Terence Crutcher’s Deadly Breakdown

His SUV was stopped in the middle of a road. Terence Crutcher was a guy who needed a hand, and police, in their public safety function, should have been the nice folks who helped him out. Instead, Tulsa Police Officer Betty Shelby killed him.

There will be intense parsing of the video of Crutcher’s killing. At Fault Lines, former police officer and firearms instructor Greg Prickett takes apart the video and tries to understand what might have given rise to this killing. The upshot is that while there are explanations, to some limited extent, for Shelby’s shooting, they aren’t good explanations. Not good at all.

But it remains to be seen, according to Greg, whether there is anything more, as the alternative of Betty Shelby being a stone-cold killer cop is hard to fathom.
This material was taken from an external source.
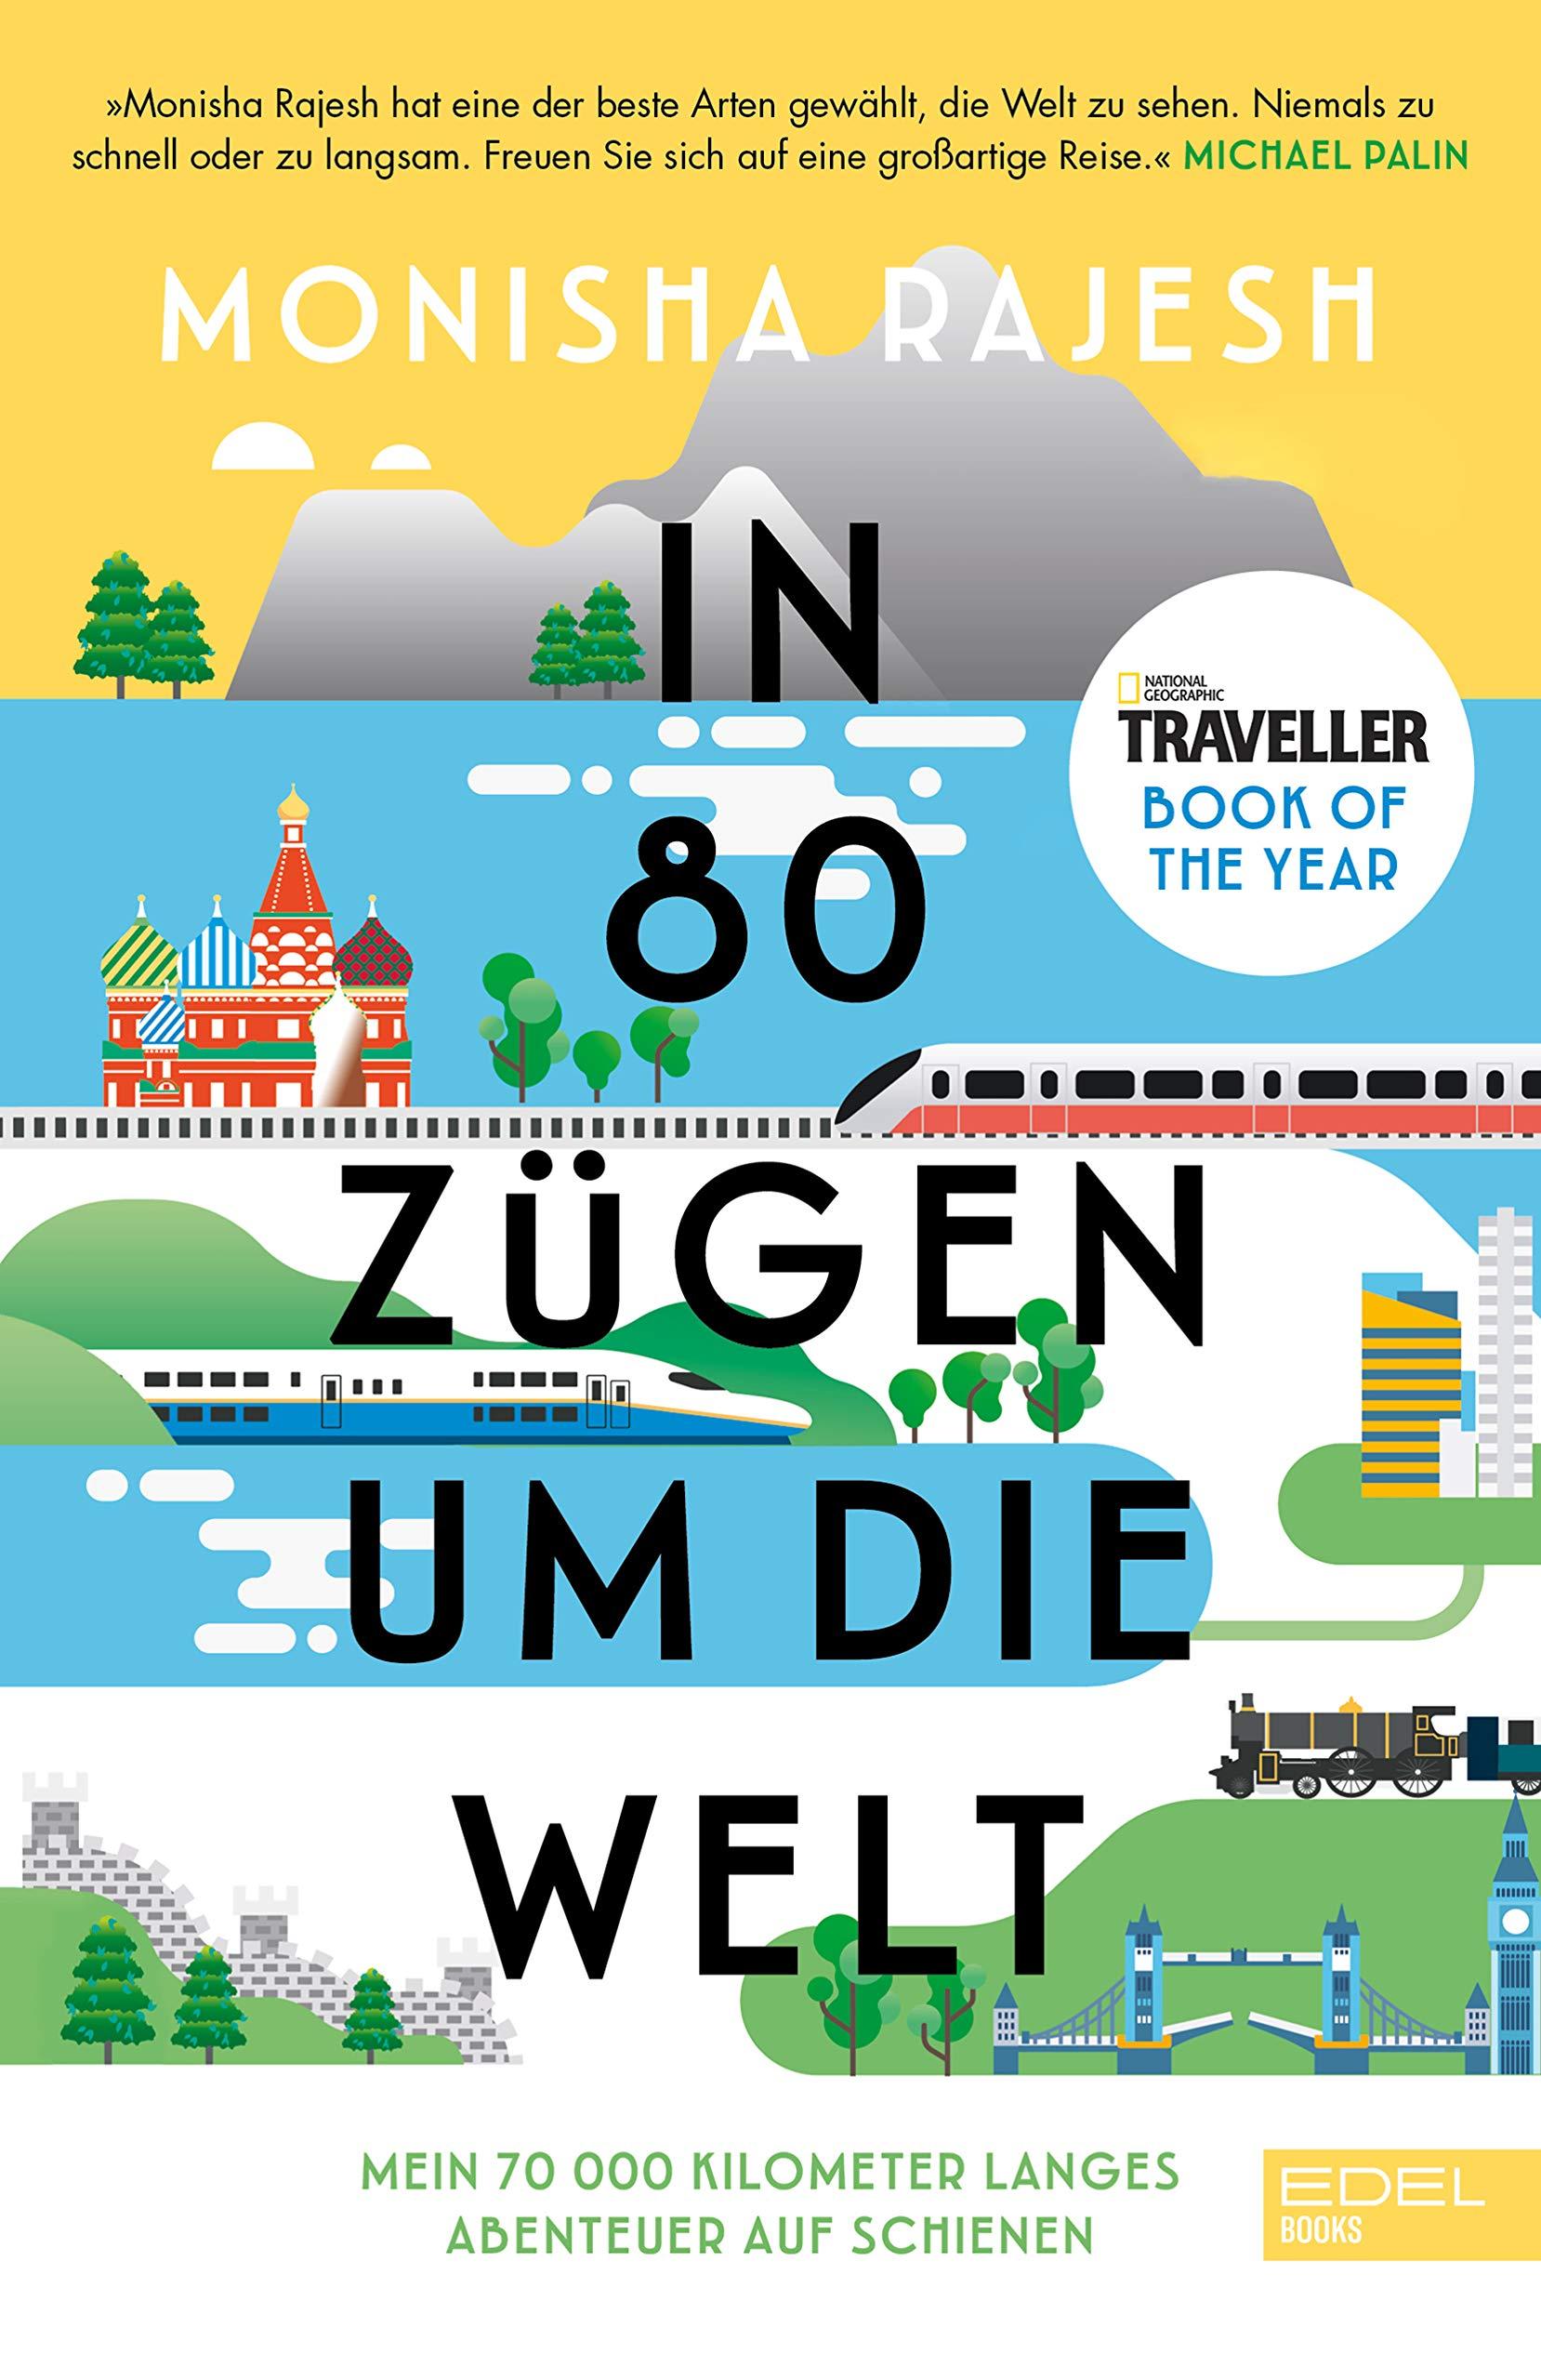 In 80 Zügen um die Welt: Mein 72 000 Kilometer langes Abenteuer auf Schienen. National Geographic Traveller Book of the Year

And Tulsa has demonstrated its willingness to prosecute a cop, take a cop to trial and convict a cop, if the facts warrant it. They did so with Robert Bates.

But while all eyes are on the moments before the killing, as the apologists at PoliceOne blame Crutcher for not complying with commands, as if that’s a reason to execute a man, and seek out any excuse to explain why one of theirs gets to kill one who isn’t one of theirs, Terence Crutcher’s SUV wasn’t the only breakdown on the road in Tulsa in need of explanation.

The police weren’t there to provide aid and comfort to Crutcher. They were on their way to another call, and happened upon Crutcher’s SUV in the middle of the road. There were two patrol cars and a helicopter. Why a helicopter was anywhere in the area is unknown, but it’s unlikely that they dispatch an eye in the sky for a stalled car.

Wherever the cops were heading when they came upon Crutcher, whatever their call was for, was apparently not as important as his stalled SUV. Or the black man in the road with the vehicle. The cops rushing toward danger decided that this stalled SUV was more important. Call forgotten, they converged on a guy whose car had stalled.

Officer Shelby has since lawyered up, and her attorney offers his defense of her shooting.

In an interview, Officer Shelby’s lawyer, Scott Wood, said the officer had thought that Mr. Crutcher had a weapon. Mr. Wood said Mr. Crutcher had acted erratically, refused to comply with several orders, tried to put his hand in his pocket and reached inside his car window before he was shot.

The official police narrative similarly falls back to the typical jargon to justify a killing.

Chief Jordan said Officer Shelby had encountered Mr. Crutcher and his vehicle while en route to another call and requested backup because she was “not having cooperation” from him. Officer Turnbough and his partner responded to Officer Shelby’s request for backup. It was the dashboard camera in their patrol car that recorded the shooting.

And Shaun King, who sometimes has a kernel of thought* in the midst of vapid irrelevant emotionally-laden bluster, lucked upon the obvious.

This epitomizes the black experience in America. Something that should have been routine and safe, turned out to be fatal. As it turns out, Officers Betty Shelby and Tyler Turnbough were actually being dispatched for another call when they came across Crutcher’s broken down SUV. Thankfully, several cameras filmed the entire incident and eyewitnesses have come forward as well.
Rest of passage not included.